SAIC is a prime example.

In 2021, SAIC participated as the lead investor in Momenta's Series C financing and used Momenta's solution in its IM Motors brand. For SAIC at the time, Momenta was an important external grab to fill its high-level intelligent driving capabilities.

But a few years later, SAIC's intelligent transformation strategy no longer relies solely on Momenta. Within the SAIC ecosystem, IM Motors continues to collaborate with Momenta, Wuling can choose DJI's solution, MG can freely introduce Horizon Robotics' technology, and the latest Shangjie brand has brought in Huawei's intelligent driving.

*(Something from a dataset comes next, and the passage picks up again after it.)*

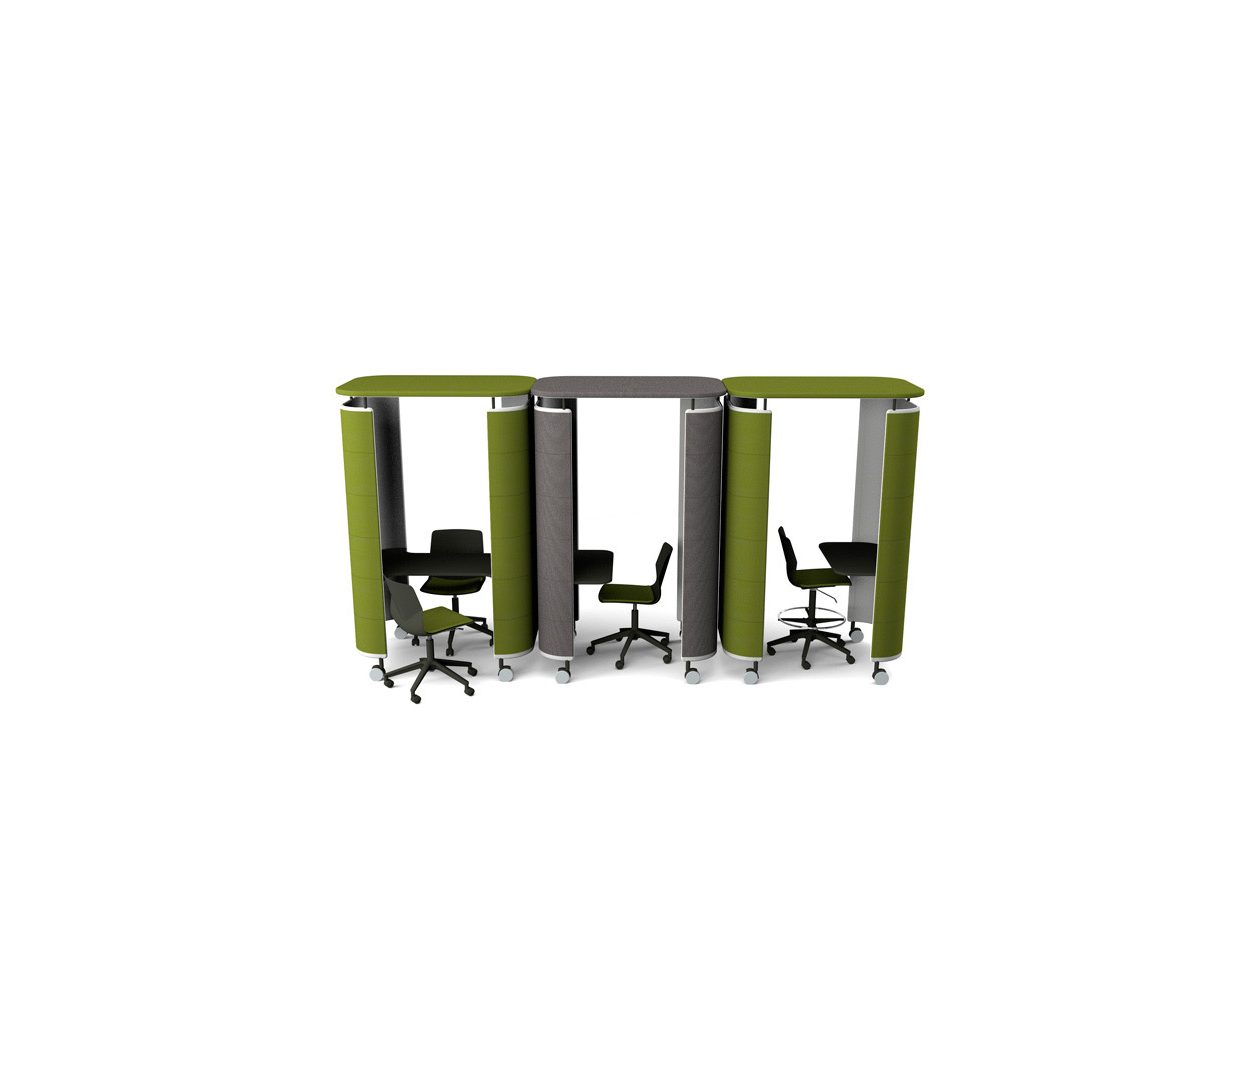 OCEE_FOUR – Work _ Study Booths – InnoPod – Packshot Image 1 Large

In other words, SAIC hasn't entirely handed over its intelligent driving future to Momenta but is instead placing bets across different brands, price points, and technological routes simultaneously.

This also means that the relationship between Momenta and automakers isn't a one-way bind. Today, it's a shareholder, client, and partner; tomorrow, it could become just one of many options.

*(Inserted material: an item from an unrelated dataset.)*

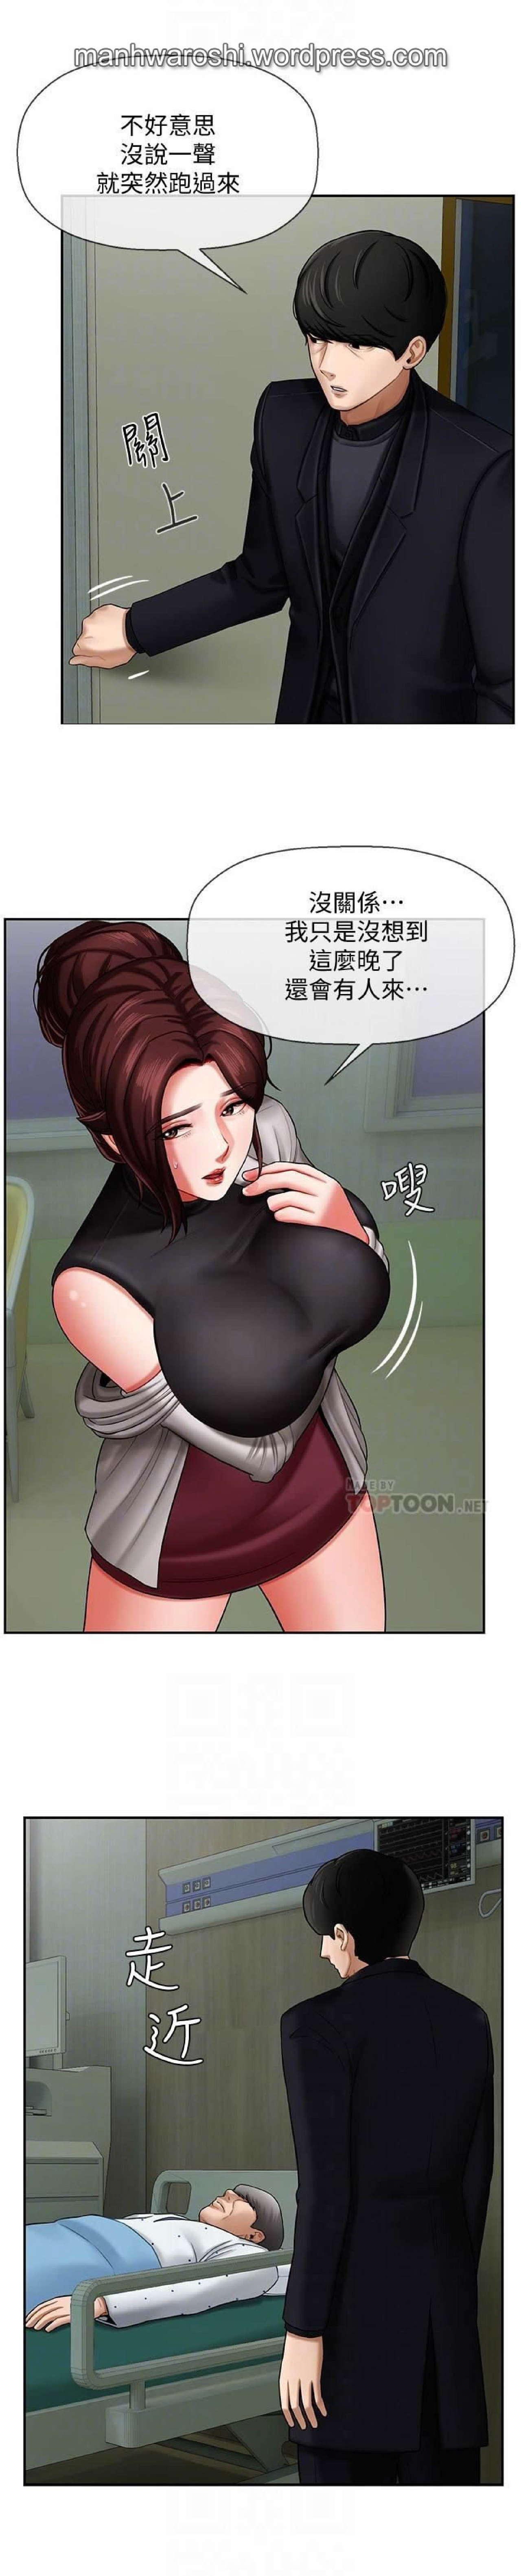 Shecock 坏老师 | PHYSICAL CLASSROOM 3 Playing - Page 6

Similar issues will arise with General Motors, Toyota, and Mercedes-Benz. Their investment in Momenta doesn't equate to a permanent bet, and their use of its intelligent driving solutions doesn't mean they will rely on it forever. The only differences are each automaker's self-development progress, replacement costs, and current level of dependence on external intelligent driving solutions.

From this perspective, Momenta's IPO is also a "race against time" battle. It needs to complete its pricing anchor in the secondary market during the window when automakers' self-developed capabilities are not yet mature and intelligent driving solutions are not yet standardized.

This path is far more challenging than the journey from Series C to IPO.